Come funziona un impianto a biogas

biogas

Conosci la definizione di biogas? Il biogas è una fonte di energia verde ottenuta dalla fermentazione di materia organica in ambiente anossico. Questo processo è chiamato “digestione anaerobica”. Esiste naturalmente in natura (paludi, risaie, ecc.), e anche nelle discariche.

Ma questo fenomeno può essere indotto anche manualmente, utilizzando un digestore che tratta i fanghi di depurazione provenienti da rifiuti organici industriali o agricoli. Detto in parole povere, un impianto a biogas permette di creare energia dai rifiuti.

In origine, il biogas era visto come il semplice prodotto del trattamento dei rifiuti. Ma, in tempi recenti, il biogas ha mostrato tutto il suo potenziale, entrando col termine “biomassa” nel novero delle energie rinnovabili, come quella solare, idroelettrica, eolica e geotermica.

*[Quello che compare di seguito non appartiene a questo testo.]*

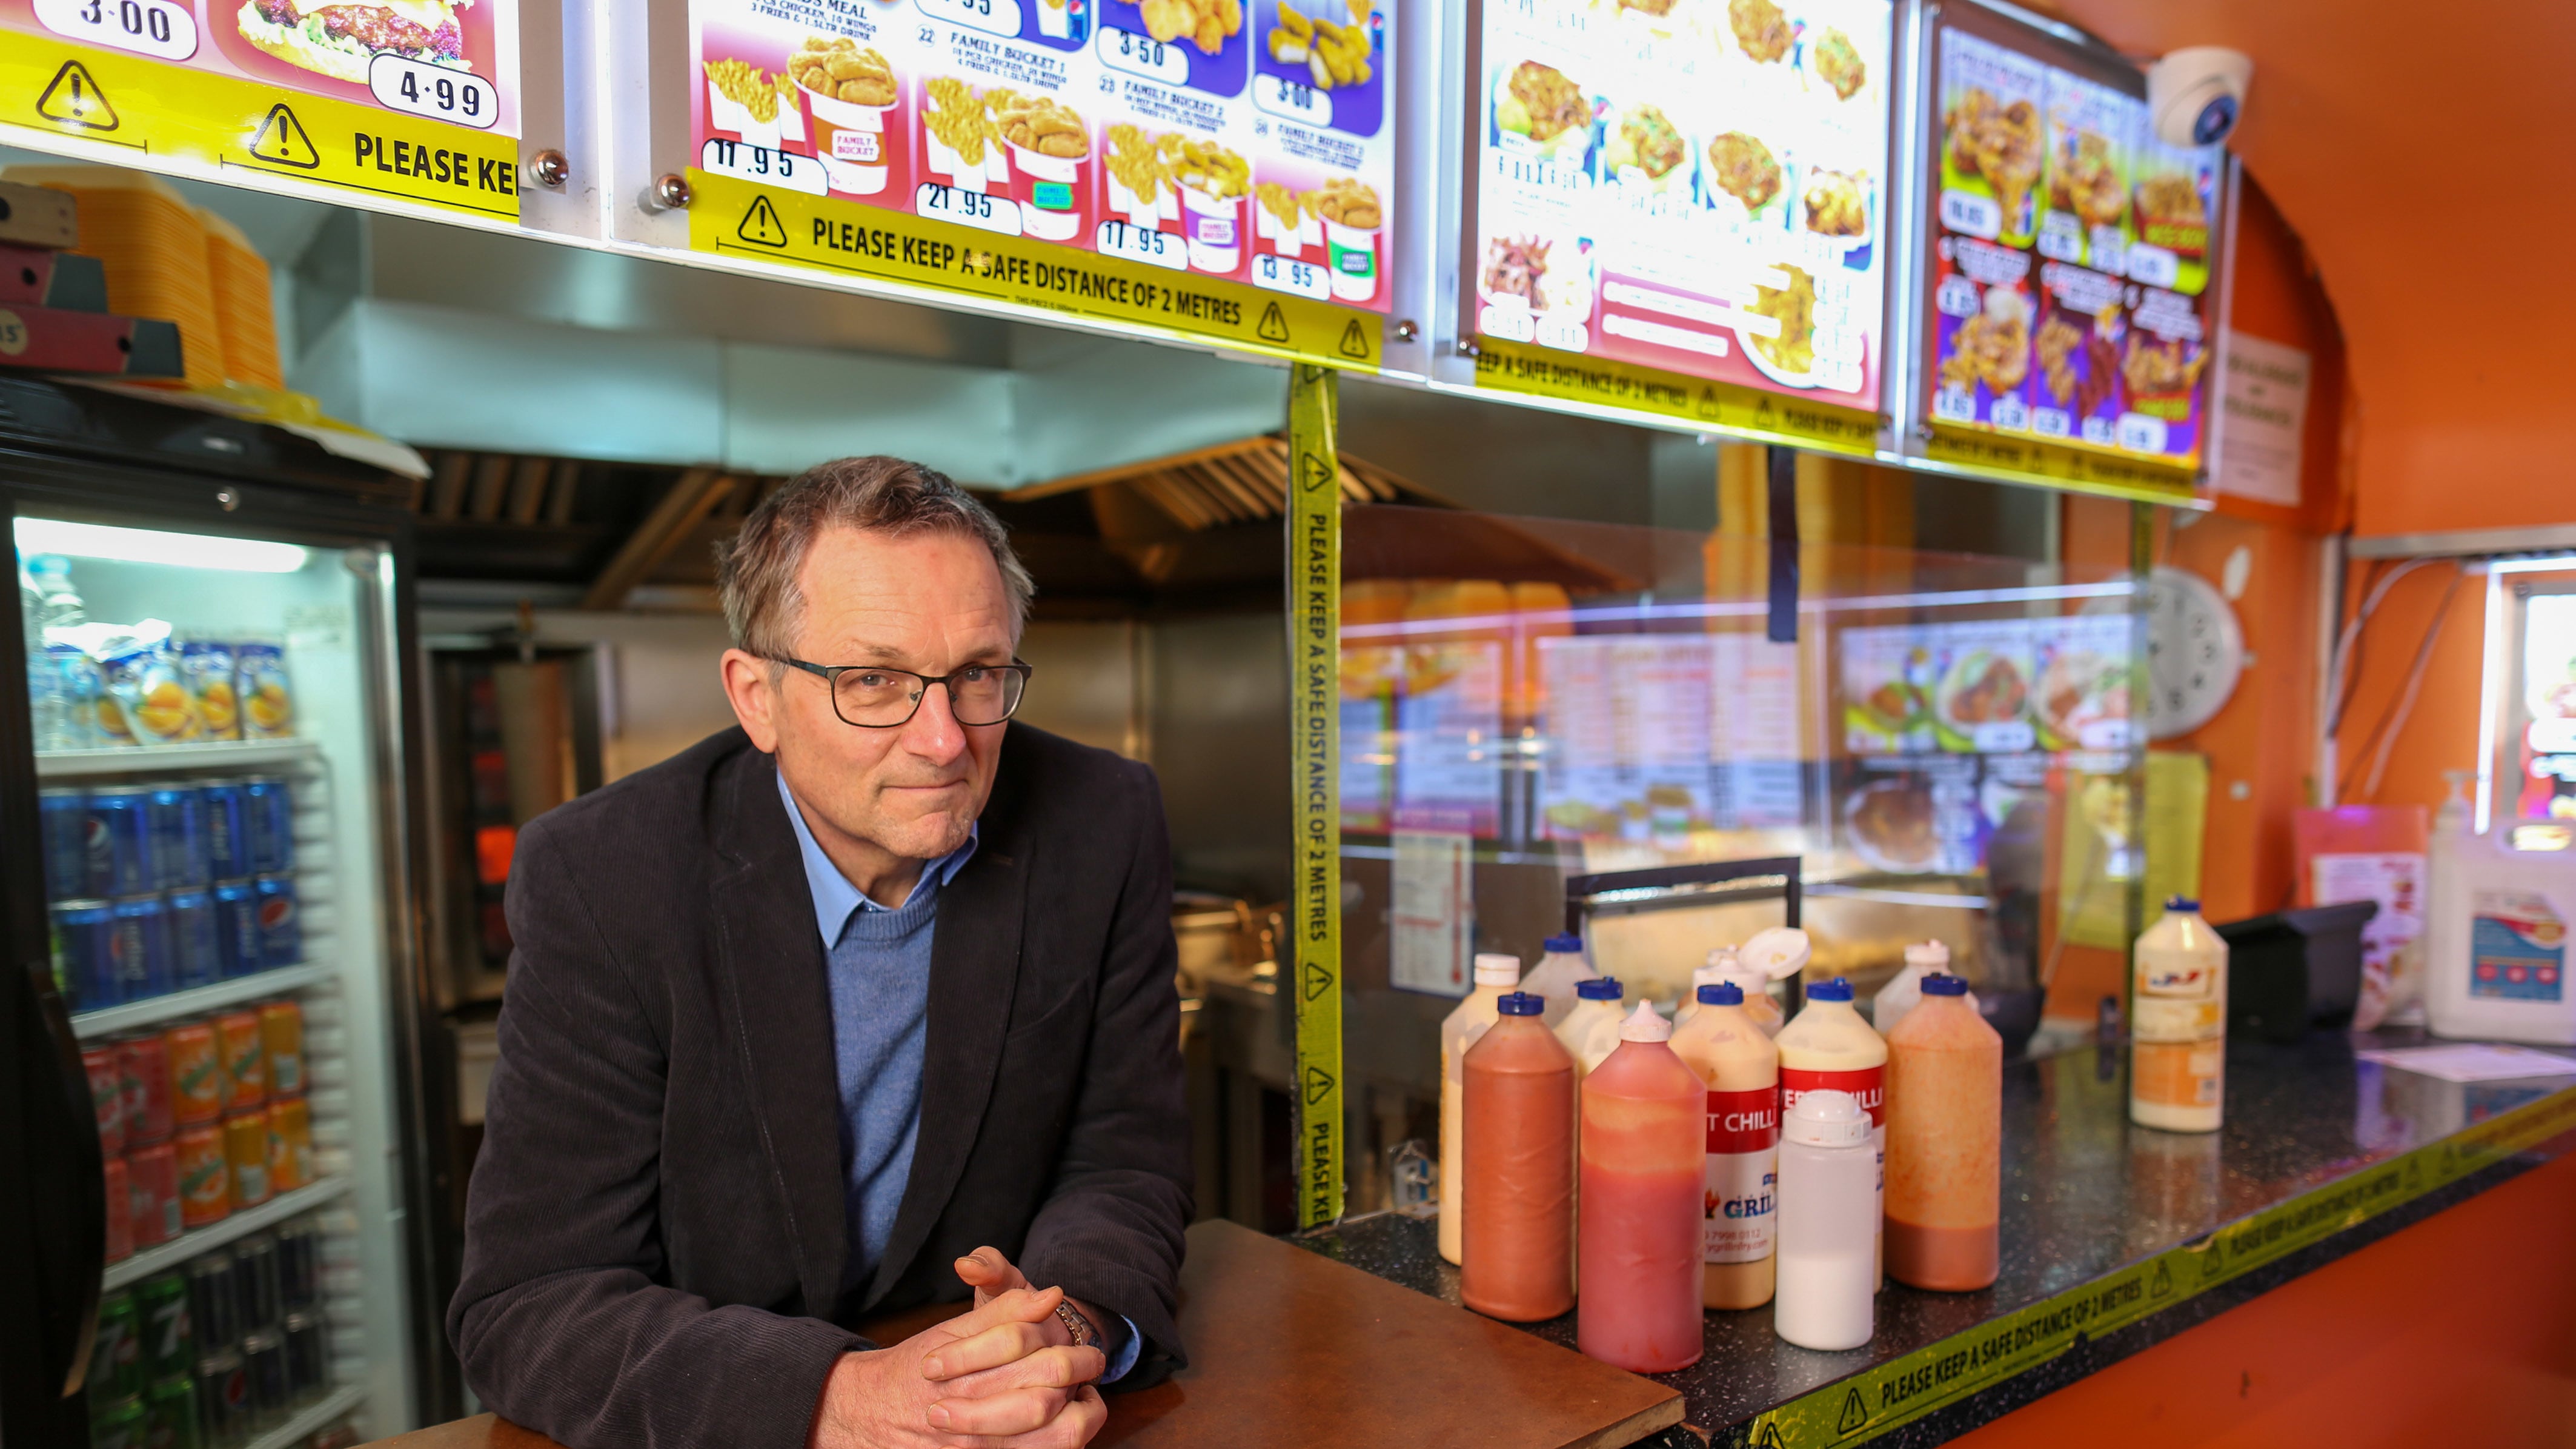 Television presenter Dr Michael Mosley has been hailed a hero for his healthy eating advice

In questo articolo approfondiremo questa terminologia in maniera chiara e concisa, spiegando in maniera semplice come funziona un impianto a biogas.

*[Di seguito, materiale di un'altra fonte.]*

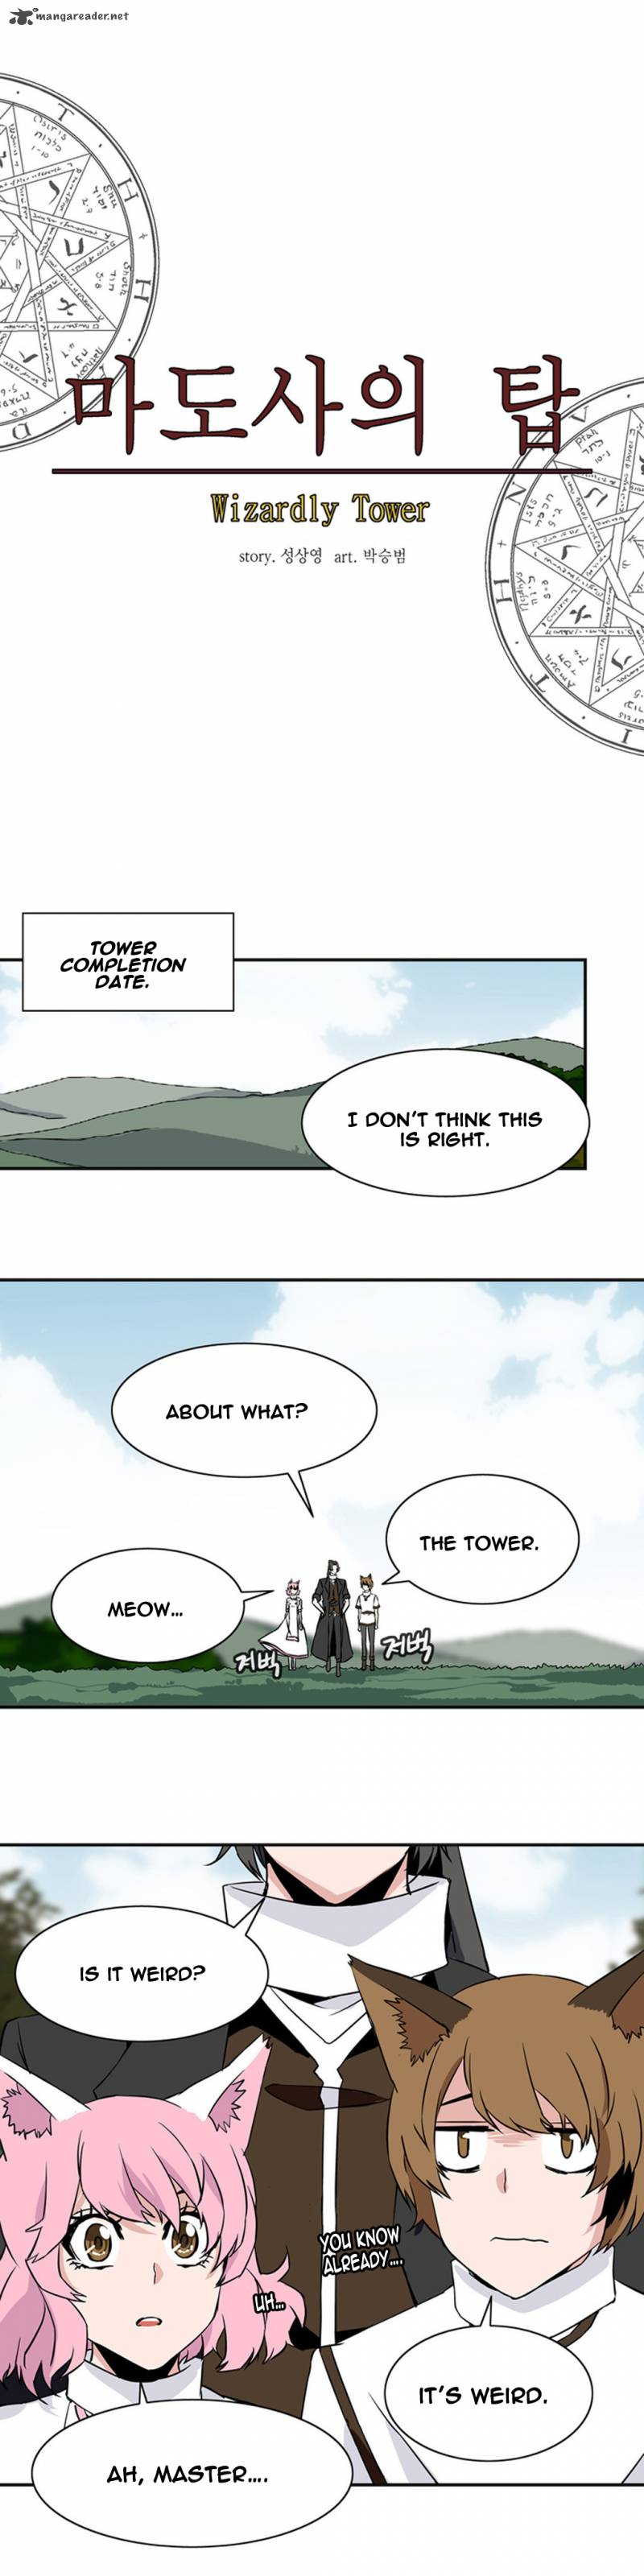 Wizardly Tower 27 4

Digestione anaerobica: come viene prodotto il biogas

Per digestione anaerobica si intende la degradazione della sostanza organica da parte di microrganismi in condizioni di anaerobiosi. Si tratta di un processo differente rispetto al compostaggio, che invece è strettamente aerobico.

La lavorazione della biomassa avviene nel digestore, un serbatoio cilindrico le cui dimensioni e aspetto variano molto a seconda dell’uso che ne viene fatto. In campo industriale, una torre di digestione anaerobica industriale supererà facilmente i 5.000 m 3. In un’operazione agricola o zootecnica, una dimensione di poche decine di m3 sarà più che sufficiente.

Grazie a questo processo, gli impianti a biogas sono in grado di produrre biogas a partire dalle biomasse: nel digestore, in assenza di ossigeno, si attivano enzimi e batteri specializzati che fermentano la biomassa, determinando la produzione di biogas.

Le fasi di produzione del biogas

Il processo di produzione del biogas può essere suddiviso in quattro fasi:

  • Un substrato, formato da materiali solidi o liquidi, viene omogeneizzato e quindi introdotto tramite una tramoggia nel digestore, un grande serbatoio del tutto privo di ossigeno. Possono essere residui di cereali (i più efficaci), melassa, grassi animali, escrementi di bovini o pollame, rifiuti domestici o fanghi di depurazione.
  • Questa biomassa viene riscaldata, intorno ai 37-38°C (in alcuni casi oltre i 50°C) e fatta fermentare per almeno 20 giorni. Durante questo periodo, le trasformazioni chimiche causate da batteri, portano alla formazione del biogas, che contiene tra il 50% e l’80% di metano.
  • Il biogas viene utilizzato localmente in una caldaia di cogenerazione (che produce energia elettrica e calore ) o depurato (tramite membrane) per estrarre il metano immesso nella rete pubblica del gas o utilizzato come combustibile.
  • Quello che rimane, il digestato, è costituito dai materiali residui dopo la trasformazione del substrato. Viene generalmente utilizzato come fertilizzante.

Il digestore è dunque integrato in un’unità di digestione anaerobica che comprende diverse apparecchiature: uno spazio per lo stoccaggio e lo smistamento dei materiali, un gasometro per lo stoccaggio del gas, una caldaia di cogenerazione, un locale tecnico per il monitoraggio delle varie operazioni.

La produzione di biogas rimane bassa rispetto al fabbisogno di gas. L’Italia si conferma leader in Europa con oltre 1.600 impianti attivi, che producono 1,7 miliardi di metri cubi di biometano e hanno consentito la creazione di circa 12mila posti di lavoro.